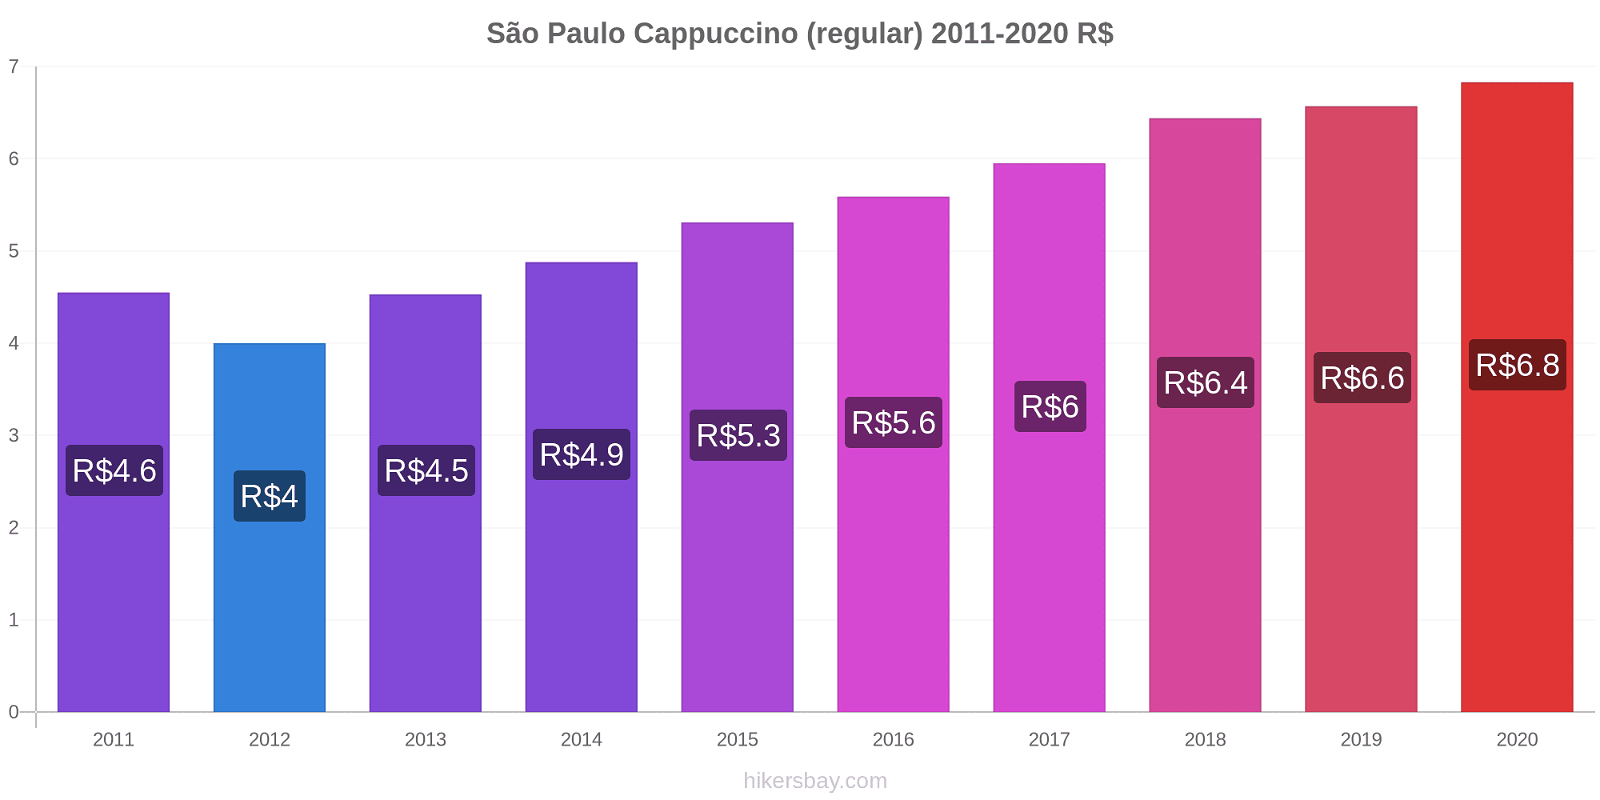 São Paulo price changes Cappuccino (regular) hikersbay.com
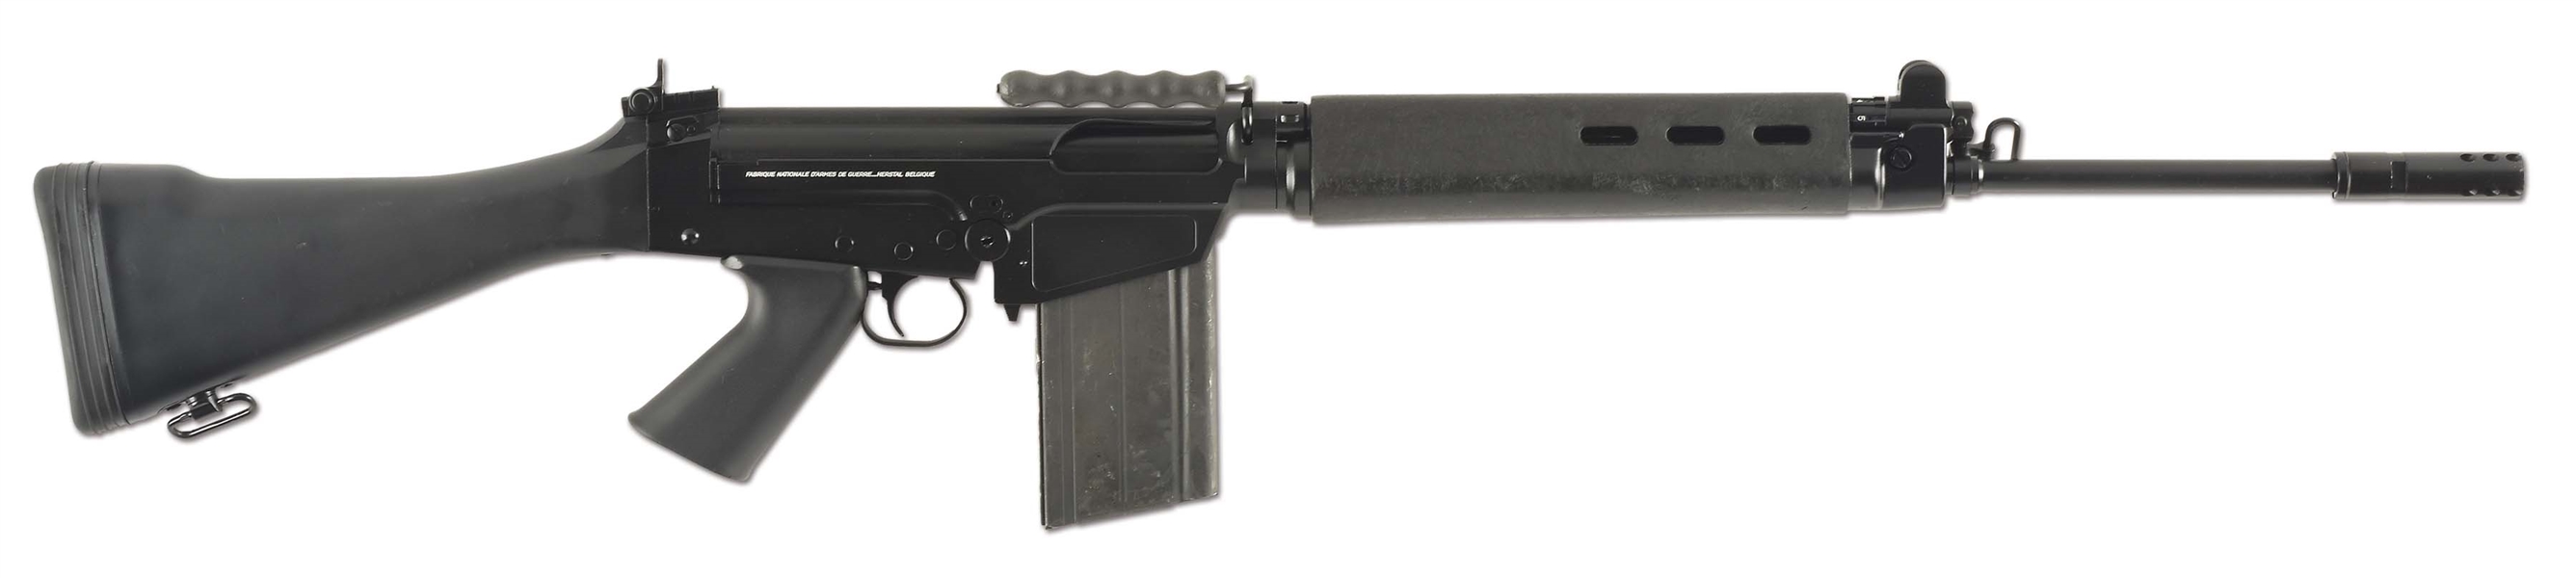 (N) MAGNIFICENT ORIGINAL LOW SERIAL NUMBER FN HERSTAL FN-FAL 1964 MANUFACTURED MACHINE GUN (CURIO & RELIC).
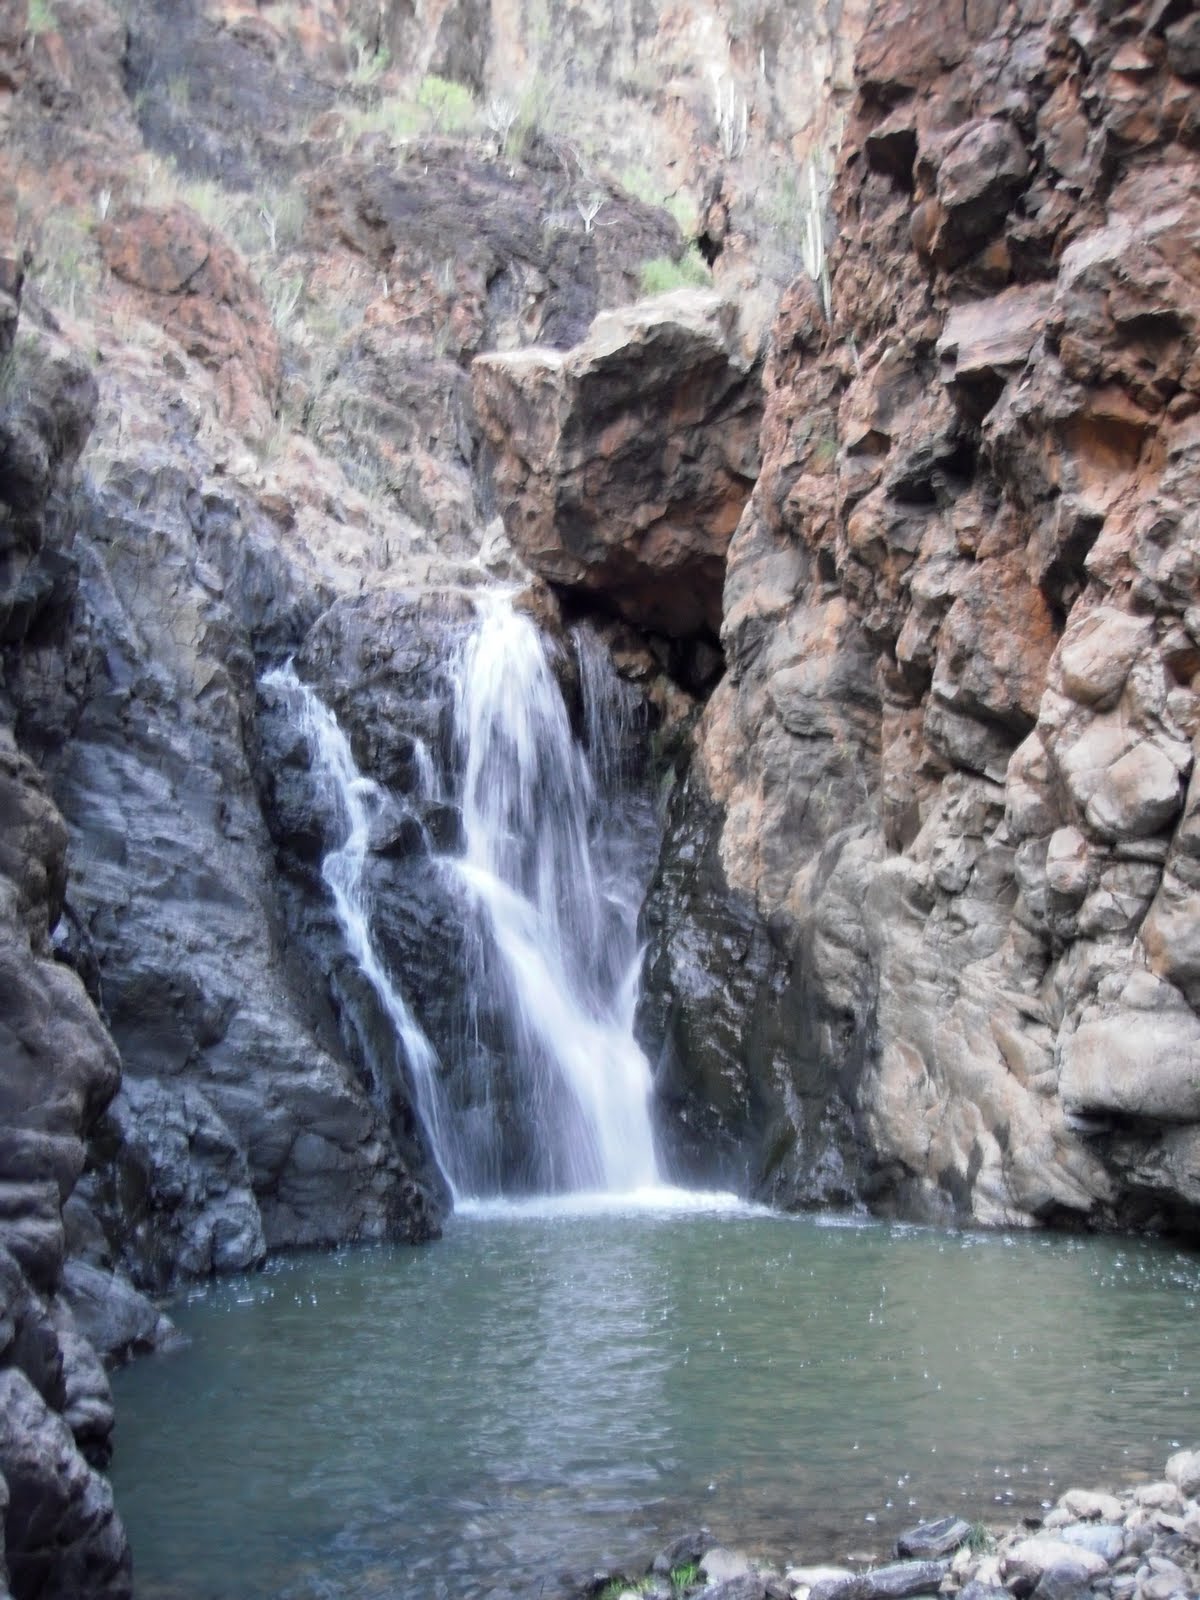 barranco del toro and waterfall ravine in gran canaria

——————————

EXERCISE PROMPT:
Line by line, reproduce the material above exactly, leaving each picture out.

YOUR SOLUTION:
 São Paulo price changes Cappuccino (regular) hikersbay.com
 (N) MAGNIFICENT ORIGINAL LOW SERIAL NUMBER FN HERSTAL FN-FAL 1964 MANUFACTURED MACHINE GUN (CURIO & RELIC).
 barranco del toro and waterfall ravine in gran canaria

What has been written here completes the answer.